Met de website worden twee doelen gediend. Professionals krijgen een overzicht van het zogeheten zorglandschap. Daarnaast verwacht ik dat van deze website een ordende werking uit zal gaan; transparant wordt wie wat doet voor mensenhandelslachtoffers. Dit geldt niet alleen voor overheidsinstanties, maar ook voor organisaties uit het maatschappelijk middenveld.

Op de website «Wegwijzer slachtoffer mensenhandel centraal» zal – mede in het verlengde van de eerste aanbeveling van de Nationaal Rapporteur in haar rapportage «Mensenhandel in en uit beeld 2» en aanbeveling 4 van GRETA – duidelijk worden opgenomen dat betrokken instanties alle mogelijke slachtoffers dienen te melden aan Comensha. Het signaleren, melden en registreren krijgt daarmee een duidelijke plaats in het nationaal verwijsmechanisme en zal in die zin naar verwachting voor het brede scala aan stakeholders duidelijk maken dat bij Comensha gemeld dient te worden. Oorzaak van niet melden lijkt vooral onbekendheid met Comensha te zijn en men lijkt niet altijd doordrongen te zijn van de meerwaarde van melden en registreren. Gemonitord zal worden of inderdaad meer signalen en meldingen bij Comensha terecht komen.

Structureel overleg vindt plaats vanuit VenJ met de Nationaal Rapporteur en Comensha over nadere aspecten ten aanzien van het melden en registreren, waarbij tevens nadrukkelijk oog is voor privacyaspecten.

2. De bindende kaders van de verschillende relevante (uitvoerings)organisaties op elkaar afgestemd

Zoals de Nationaal Rapporteur in haar Negende Rapportage constateerde, sluiten de bestaande bindende kaders en regelingen van de verschillende uitvoerende diensten en van het OM voor de aanpak van mensenhandel en bescherming van de slachtoffers, niet altijd goed op elkaar aan. Hierbij gaat het niet alleen om gehanteerde definities en uitgangspunten, maar ook om concrete werkafspraken. Eind 2014 moeten de verschillende (bindende) kaders beter op elkaar afgestemd zijn. Omdat dit de (formele en) zorgvuldige betrokkenheid vereist van veel partners als het OM, politie, KMar, Inspectie SZW en Jeugdzorg hierbij goed dienen te worden betrokken, wordt een projectleider aangesteld om dit omvangrijke karwei op te pakken.

3. Afspraken over taakafbakening en rolvastheid met en tussen uitvoeringsorganisaties

Gebleken is dat het meerwaarde heeft duidelijke afspraken te maken over afbakening van taken van de verschillende organisaties; de onderlinge rollen moeten worden verduidelijkt. Sommige organisaties bleken – soms noodgedwongen of met de beste intenties – in gaten te springen, terwijl ze eigenlijk zouden moeten doorverwijzen. Ook zijn er in bepaalde gevallen dubbelingen in het aanbod van verschillende organisaties. Vaak was onduidelijkheid over wat er is en wat ieders rol is. Onder meer zullen nadere afspraken worden gemaakt tussen Comensha en Slachtofferhulp Nederland. Ook de taakafbakening tussen Comensha en de Jeugdzorg wat betreft de coördinatie van opvang en zorg voor minderjarige slachtoffers zal nader tegen het licht worden gehouden.
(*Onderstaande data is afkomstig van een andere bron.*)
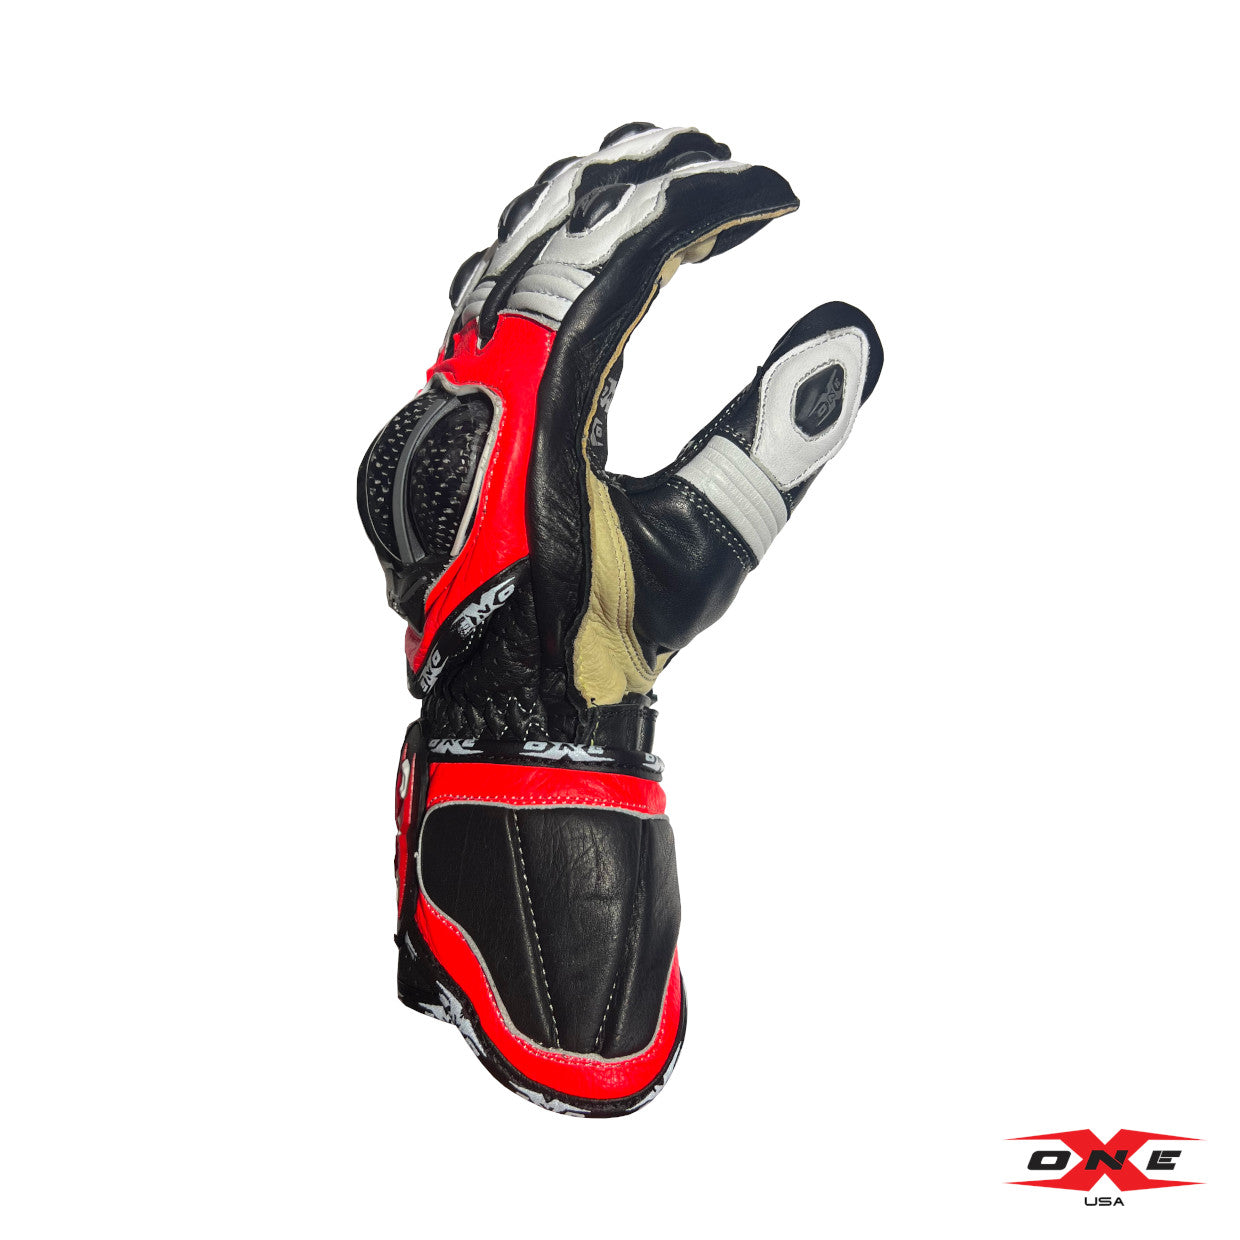 OneX USA Pro Race Gloves - Fluor Red

IV. Concrete verbeteracties:

Naast de hoofdlijnen van het verwijsmechanisme, zullen concrete verbeteracties in gang worden gezet op de volgende terreinen:

  • Een toegankelijker hulp- en ondersteuningsaanbod

  • Kansen voor meer maatwerk

  • Minderjarige slachtoffers beter beschermd

  • EU-slachtoffers beter in beeld

– Een toegankelijker hulp- en ondersteuningsaanbod

Slachtoffers mensenhandel durven in veel gevallen geen aangifte te doen en hulp te vragen. Daarom wordt vooral ingezet op het signaleren van slachtofferschap door onder andere professionals. De hernieuwde Schijn bedriegt-campagne van Meld Misdaad Anoniem, die op 12 juni 2014 van start is gegaan, heeft tot doel sekswerkers, prostitueebezoekers en zorgprofessionals rondom de seksbranche te bereiken. Deze campagne is eerder succesvol gebleken.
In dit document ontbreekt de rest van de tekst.